Crude length cut to eight-month low; dollar buying resumes

In the latest COT report by the US CFTC and ICE Exchange Europe, covering the week to March 15, we focus on futures positions and changes made by hedge funds across commodities, forex and financial futures markets. It was a week where risk appetite staged a small comeback despite a continued flow of troubling news from Ukraine, US Treasuries yields surged ahead of the FOMC meeting, while in commodities, the Bloomberg Spot Index gave back the bulk of the 11% gain from the previous week with selling seen across most sectors.

This summary highlights futures positions and changes made by hedge funds across commodities, forex and financials up until last Tuesday, March 15. A week where risk appetite stage a small comeback with stock markets rising despite a continued flow of troubling news from Ukraine, and US Treasuries staging a sharp reversal with yields on the 10-year notes surging 30 basis point as the market priced in an imminent but long-awaited US rate hike. In commodities, the Bloomberg Spot Index gave back the bulk of the 11% gain from the previous week with selling seen across most sectors.

Commodities

The Bloomberg Commodity Spot index slumped by 8.3%, thereby giving back most of the gains seen during the first week of the Russian invasion. Russia-focused commodities like crude oil, palladium and wheat took the biggest hit in percentage terms. Overall, the total net long held by managed money accounts across 24 major commodity futures was reduced by 5% to an eight-week low at 2.06 million lots, the biggest reductions seen in crude oil, natural gas, gold, silver, copper and coffee.

Energy: Another week of extreme volatility in crude oil, this time a 22% move to the downside, drove a second weekly reduction in the combine WTI and Brent net long by 23k lots to a four-month low at 411k lots and just above the 400k lots reached in early December when crude oil briefly traded below $70/b in response to the Omicron virus variant. Brent, the global benchmark, saw its net long drop to a 16-month low at 153k lots.

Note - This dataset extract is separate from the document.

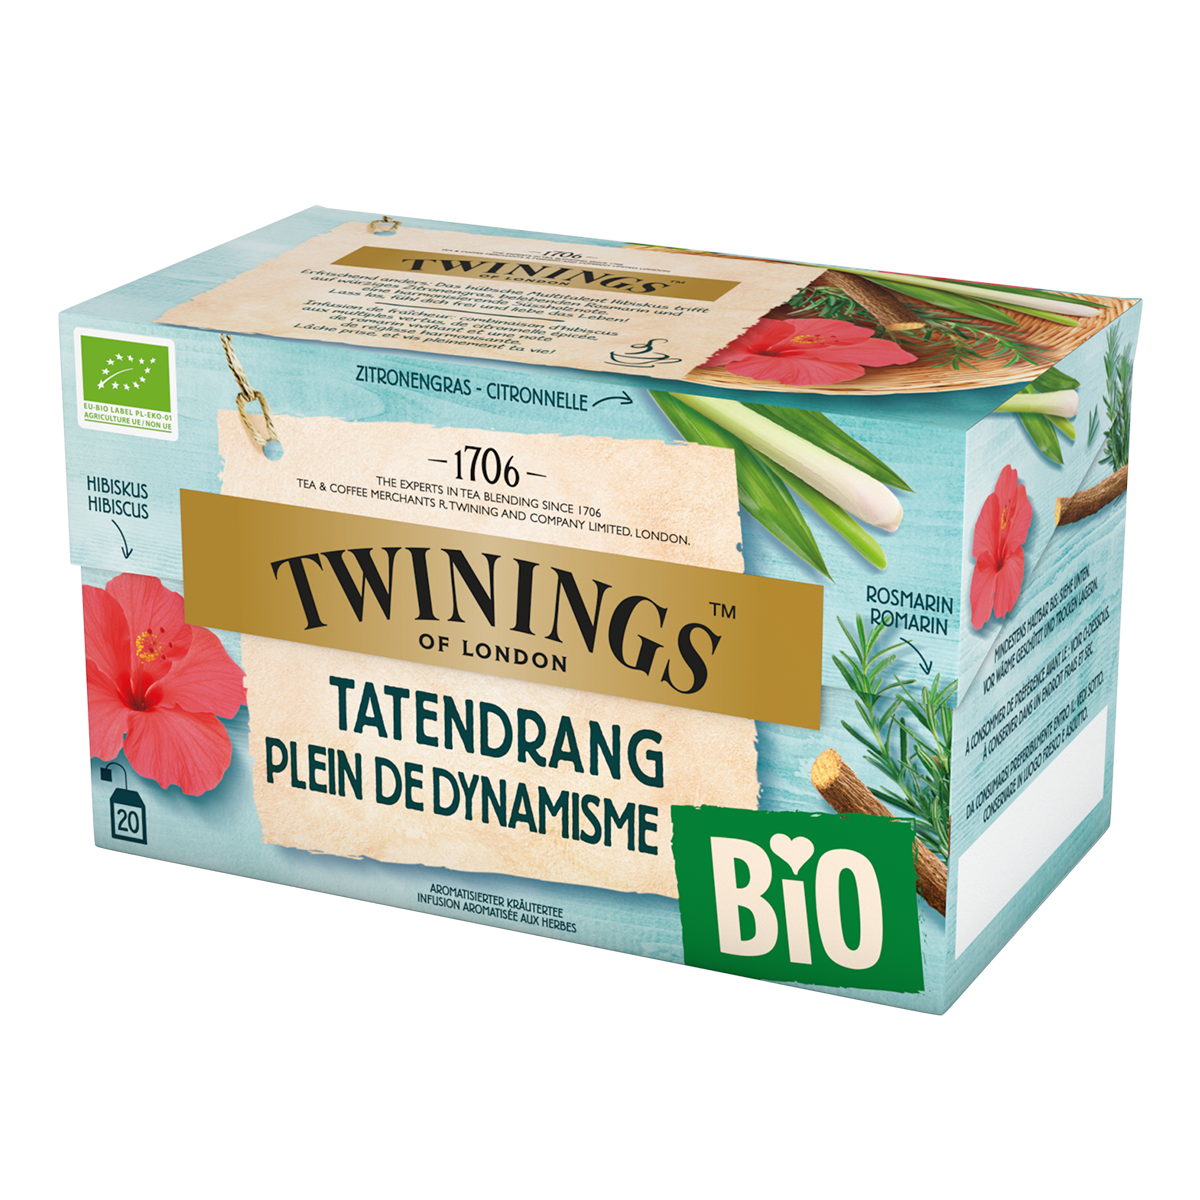 Twinings Bio Plein de Dynamisme 34g

As mentioned, when volatility spikes and traders are faced with rising margin calls on their open futures positions, the first reaction is to make an across-the-board reduction. This is currently very noticeable in the five oil and fuel contracts which have seen open interest fall from 7.1 million lots on March 12 to a current seven-year low at 4.7 million lots.

Monday AM market comment: Crude oil (OILUKMAY22 & OILUSAPR22) rose to a one-week high in Asia as the war in Ukraine keeps global supplies very tight with traders, mostly through self-sanctioning, avoiding Russian crude, currently being offered close to 30-dollar below Brent with a limited number of buyers queuing up to secure cheap cargoes. In addition, Middle East tensions also rose after Houthi rebels attacked sites across Saudi Arabia over the weekend. With supply tightening, the market will be looking for signs of demand destruction, mostly through the cost of diesel and gasoline as well as the impact of temporary covid related lockdowns in China.